だからこそ、人事も経営会議に参加して意見することが重要だと主張する。

「経営会議に人事部長が参加していない企業は多いです。しかし、人事部も一緒に経営戦略を考える立場だと認識してほしいです。人事担当者も経営戦略を理解して、事業計画のどの現場に、どういう人材を何人採用すべきかなど提案は必要です」

また、転勤制度の改革も必要だと倉重氏は話す。転勤は育児や介護などの制約を抱えた人にとって、離職の大きな要因となる。

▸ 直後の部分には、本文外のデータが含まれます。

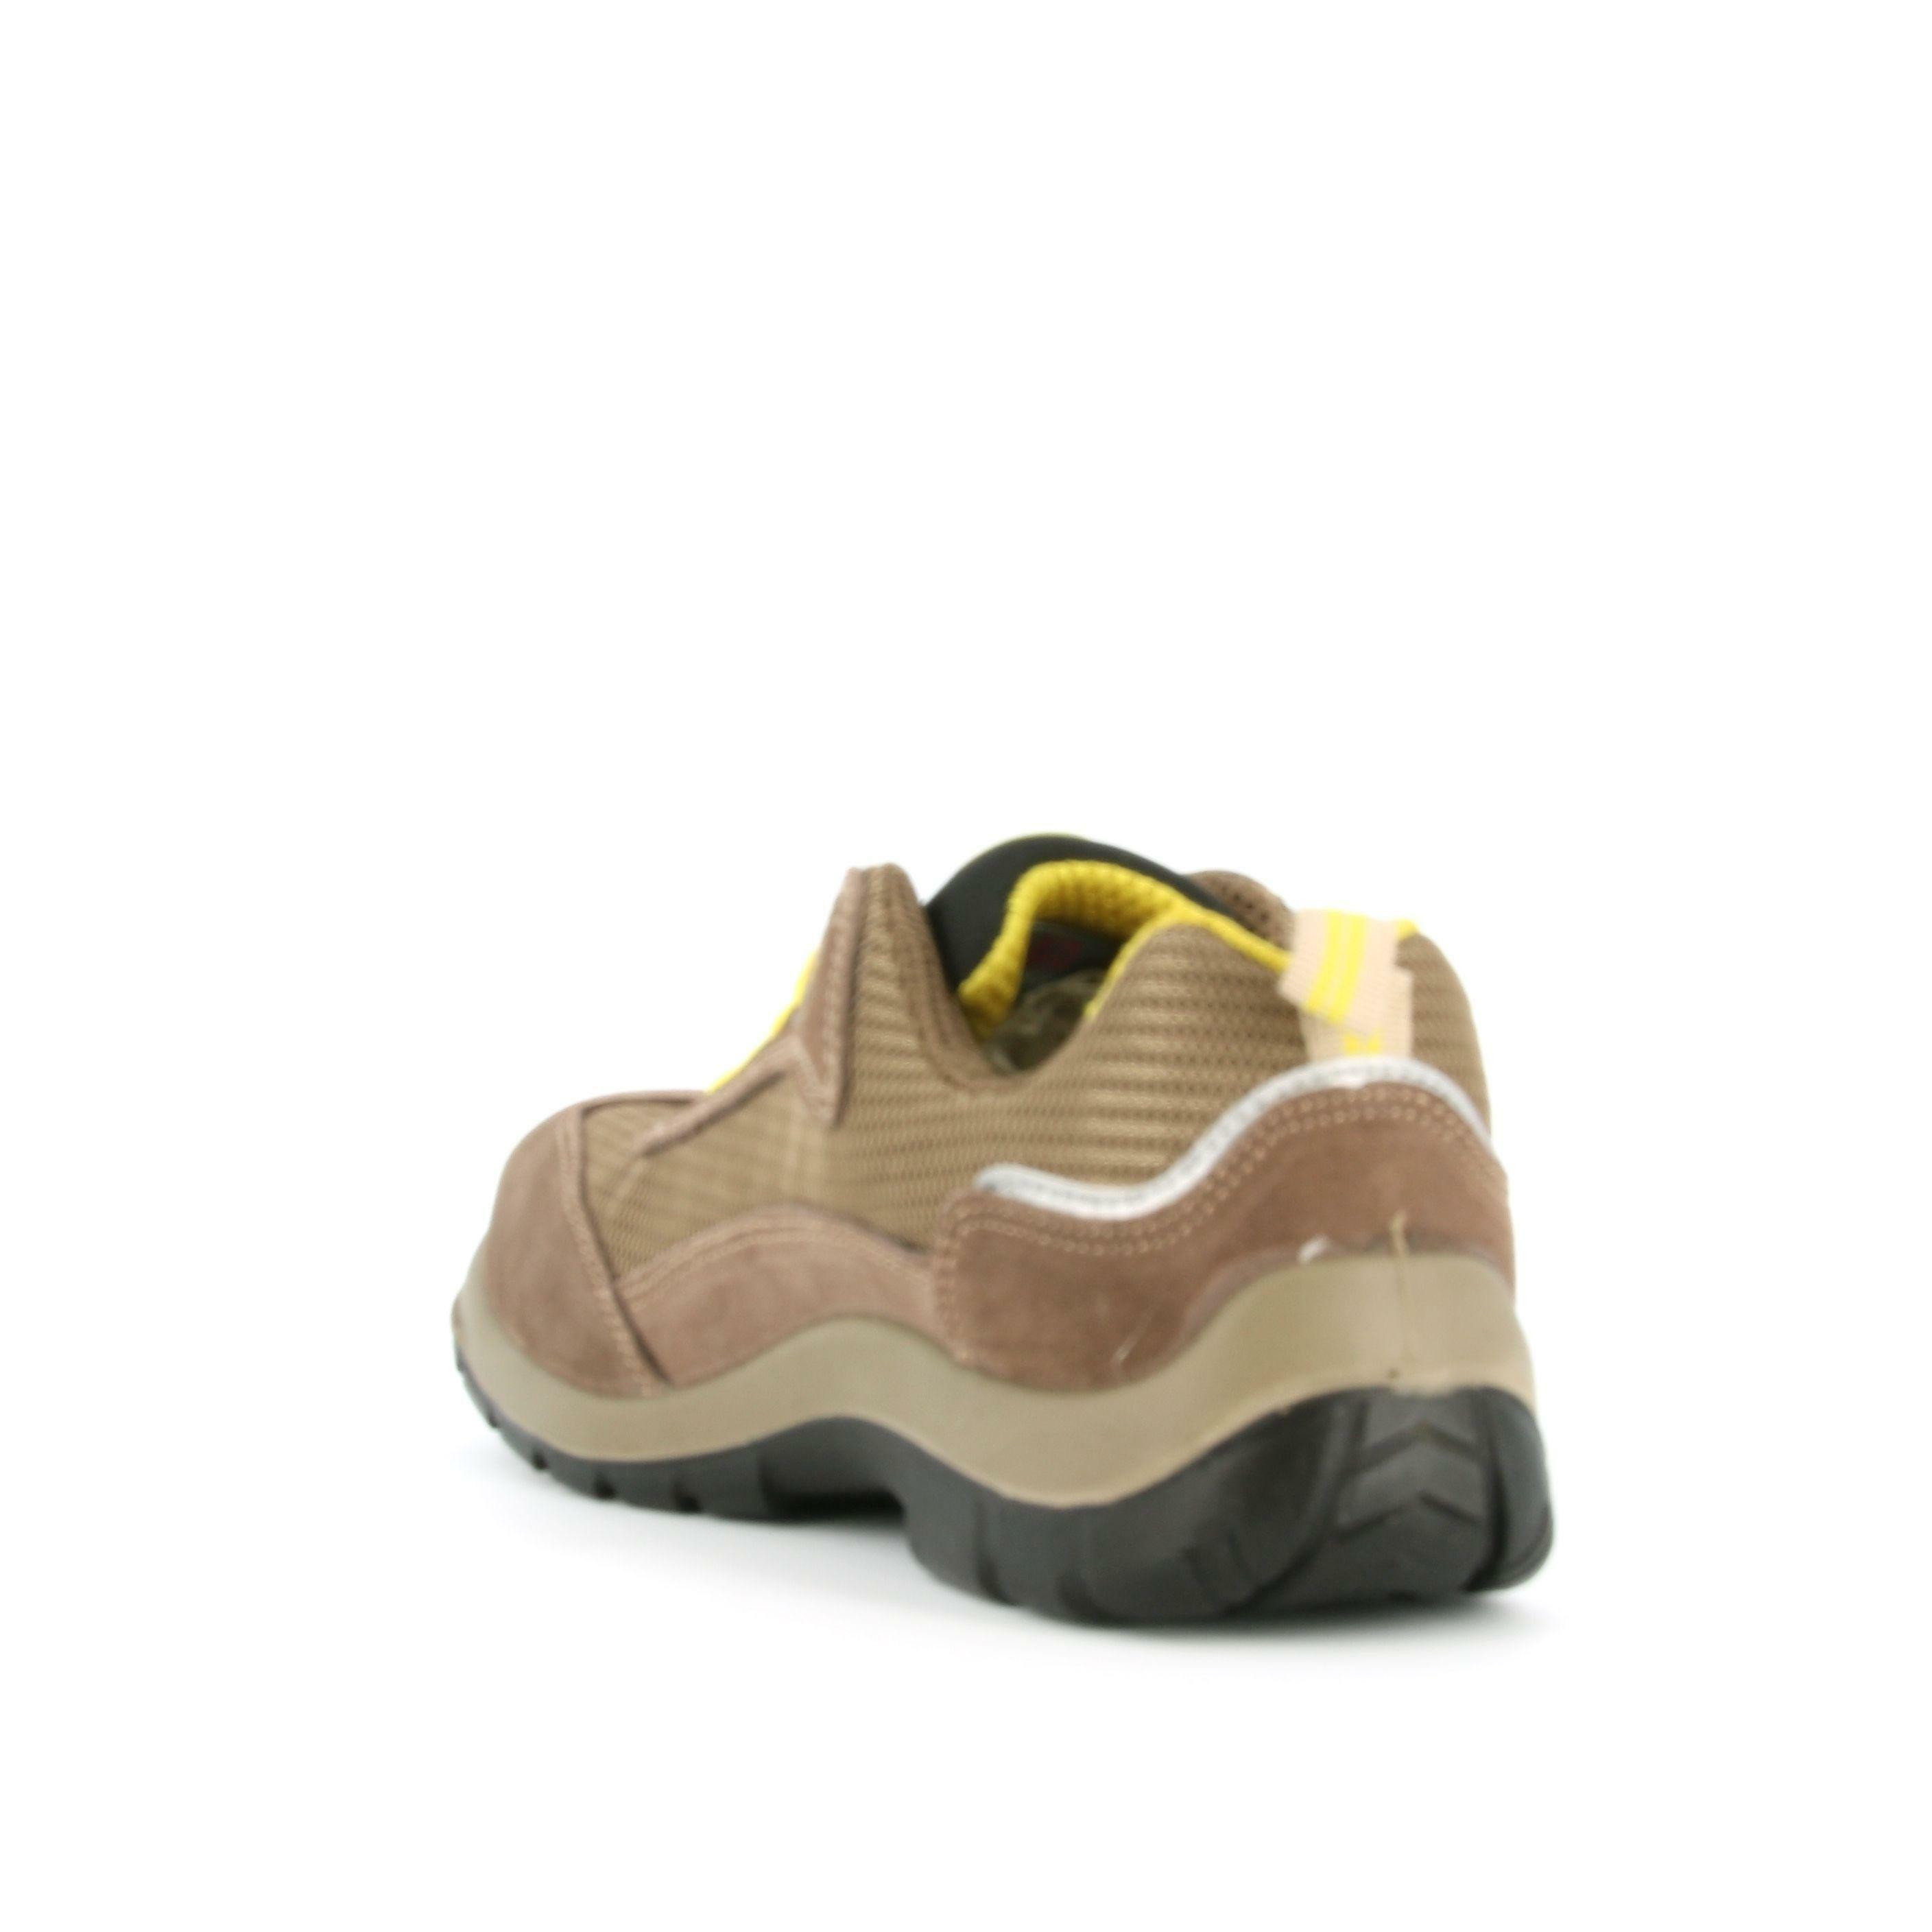 orma orma antinfortunio calz. bassa unisex 12201 s1p beige

「日本の企業では、解雇は相当な理由がないとできない分、人事権は強いです。しかし、転勤を当たり前とする従来の人事権を行使し続けると、有能な人材の離職が増えるでしょう。多様な人材を雇用するには、転勤しない人事、評価制度も構築すべきです。ITツールが発達し、これから在宅ワークが増えていく中で、転勤して現場に行く必要性がどこまであるのか。幹部登用するうえで、転勤要件は本当に必要なのか考えるべきです」

個人のスキルに賃金が支払われる時代に

働き方改革は会社側の改革だけではなく、社員や労働者にも意識改革が求められるという。法改正はある意味、労働者側にとっても厳しい状況をつくり出すと倉重氏は言う。

倉重・近衛・森田法律事務所
代表弁護士
倉重 公太朗 
慶應義塾大学経済学部卒。経営者側労働法を多く取り扱い、労働審判・仮処分・労働訴訟の係争案件対応、団体交渉(組合・労働委員会対応)、労災対応(行政・被災者対応)が得意分野。企業内セミナー、経営者向けセミナーなど多数開催。東洋経済オンラインにて「検証!ニッポンの労働」の連載を持つ。

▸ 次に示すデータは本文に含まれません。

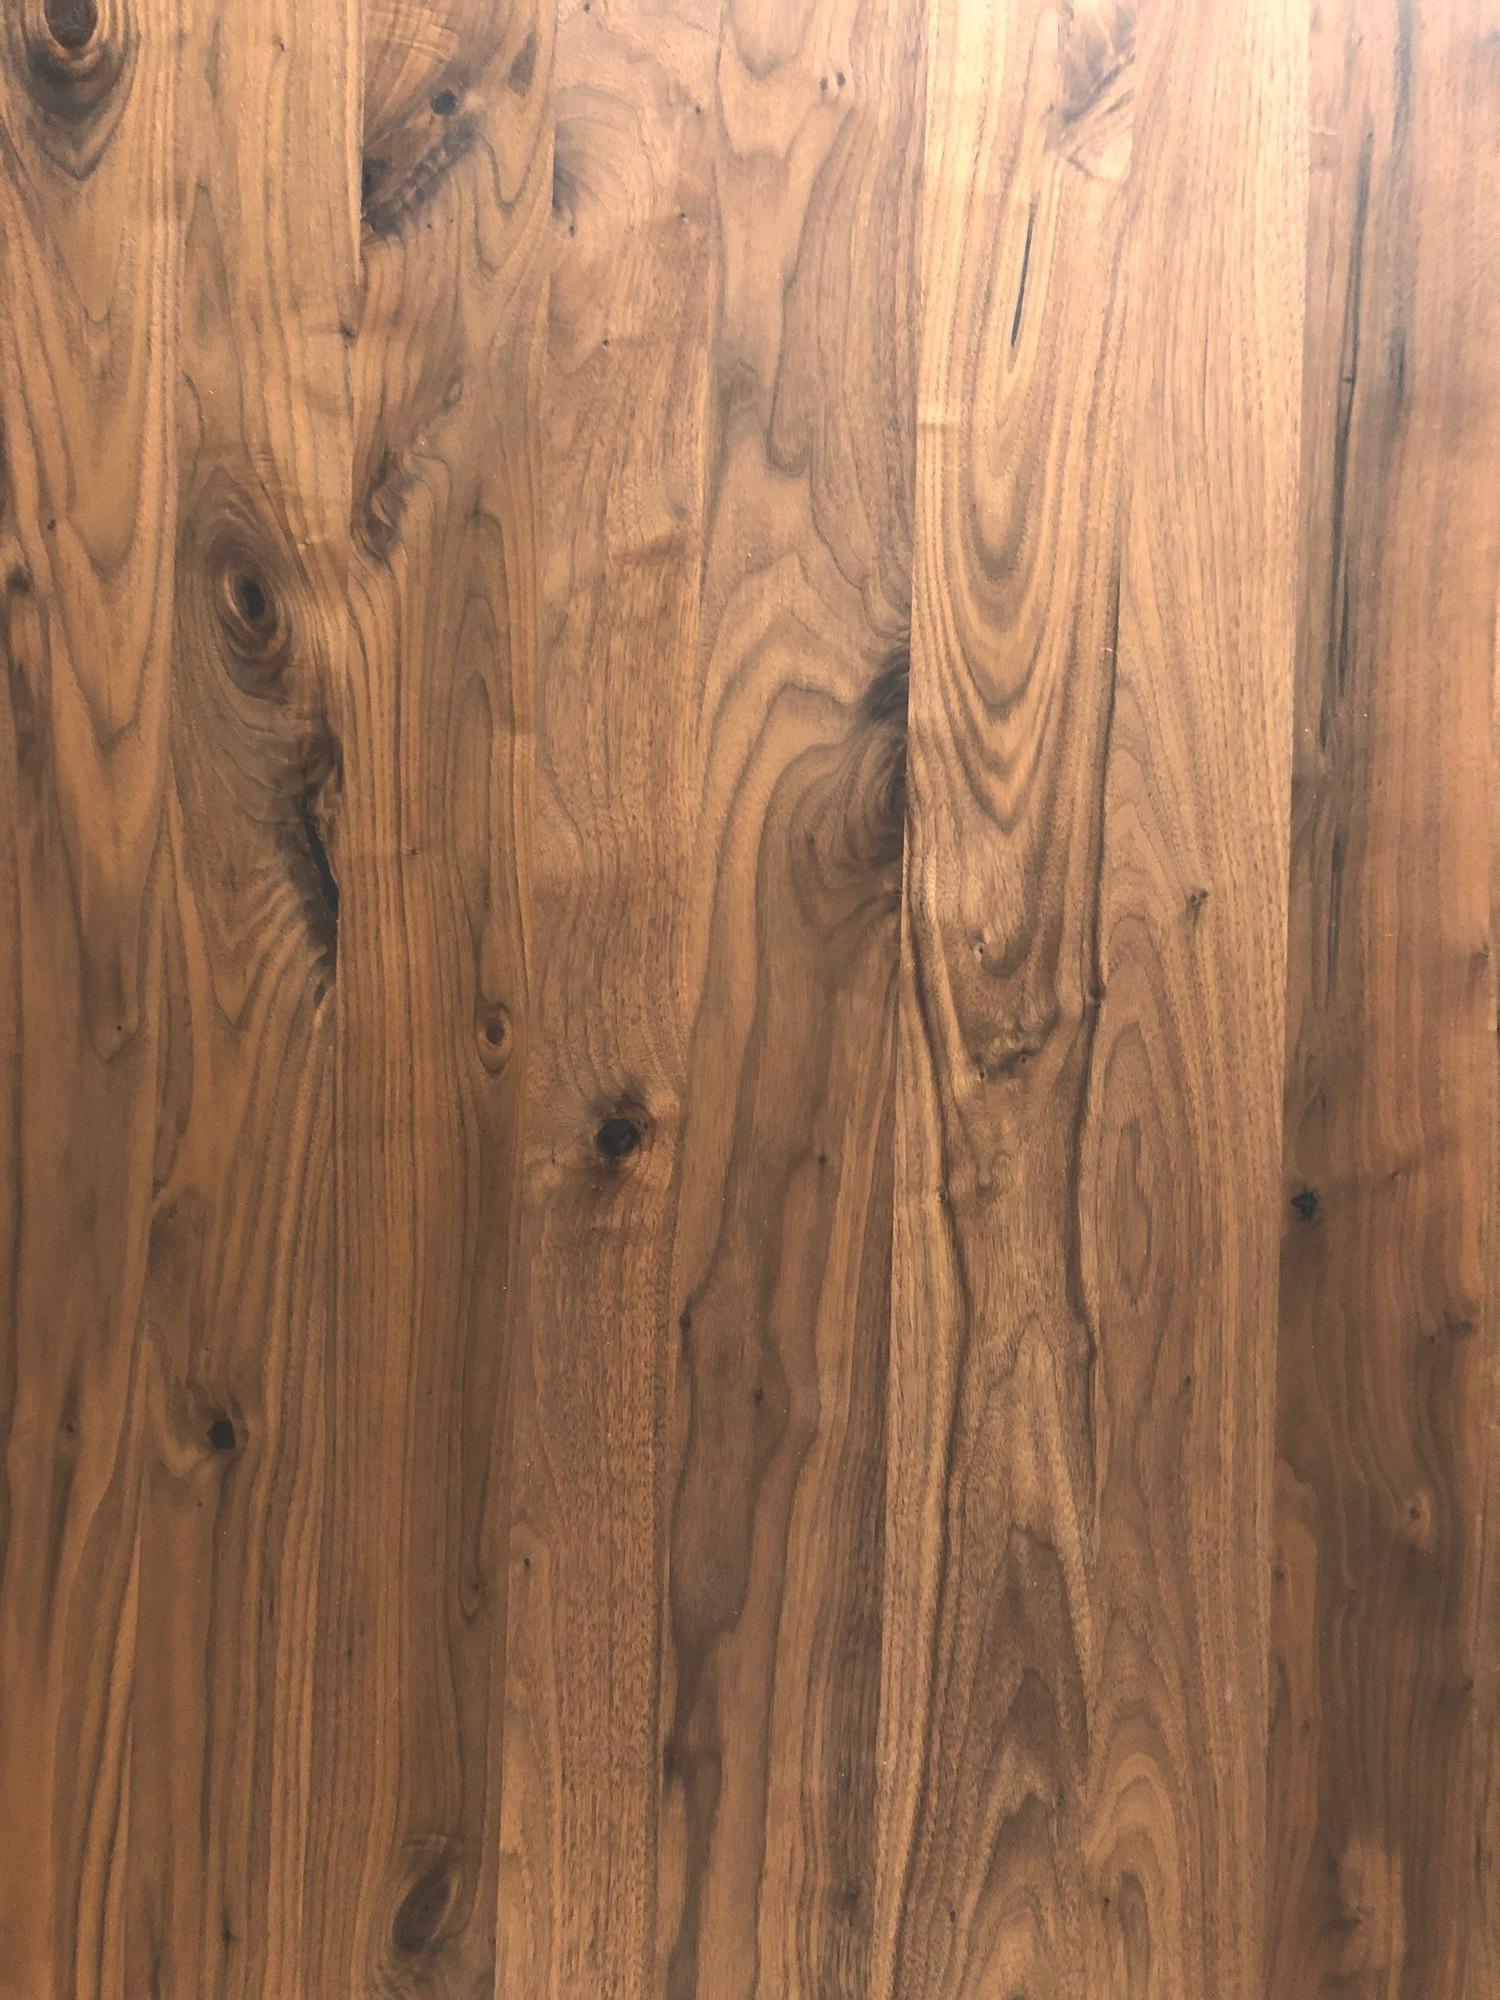 1534950124-essen-clone-massivholztisch-zeus-100x200-nussbaum_0.jpeg

「同一労働同一賃金を推し進めていくと、『正社員だから』賃金が多いのではなく、最終的には『あなたは何のスキルがありますか?』との点が問われてきます。究極的にはその人のスキルに賃金が支払われるようになるでしょう。肩書きがなくなったときの市場価値を、一人ひとりが意識しないといけない時代になるのです。だからこそ、労働時間の上限規制でできた時間をどのように使うかが鍵になります。早く帰れるようになったからといって、その分、飲みにいってばかりだったり、ダラダラしていたり、何もせずにいるようではもったいない。余った時間を何に使うかは個人の生き方に委ねられています。自らスキルアップを続ける人とそうでない人では、10年後に相当な差が出るでしょう。企業ですら10年後はどうなっているかわからない時代です。働く人も一人ひとりが変革意識を持つべきでしょう。働き方改革は『生き方改革』でもあるのですから」

従来の終身雇用、年功序列の昭和的働き方が限界を迎え、ビジネス環境が激しく変化する時代、5年後、10年後の立場が保証されるかは誰も見通せない。法制度の改革はスタートを切ったが、本当の働き方改革には、倉重氏の「生き方改革」というメッセージを意識していくことが必要だろう。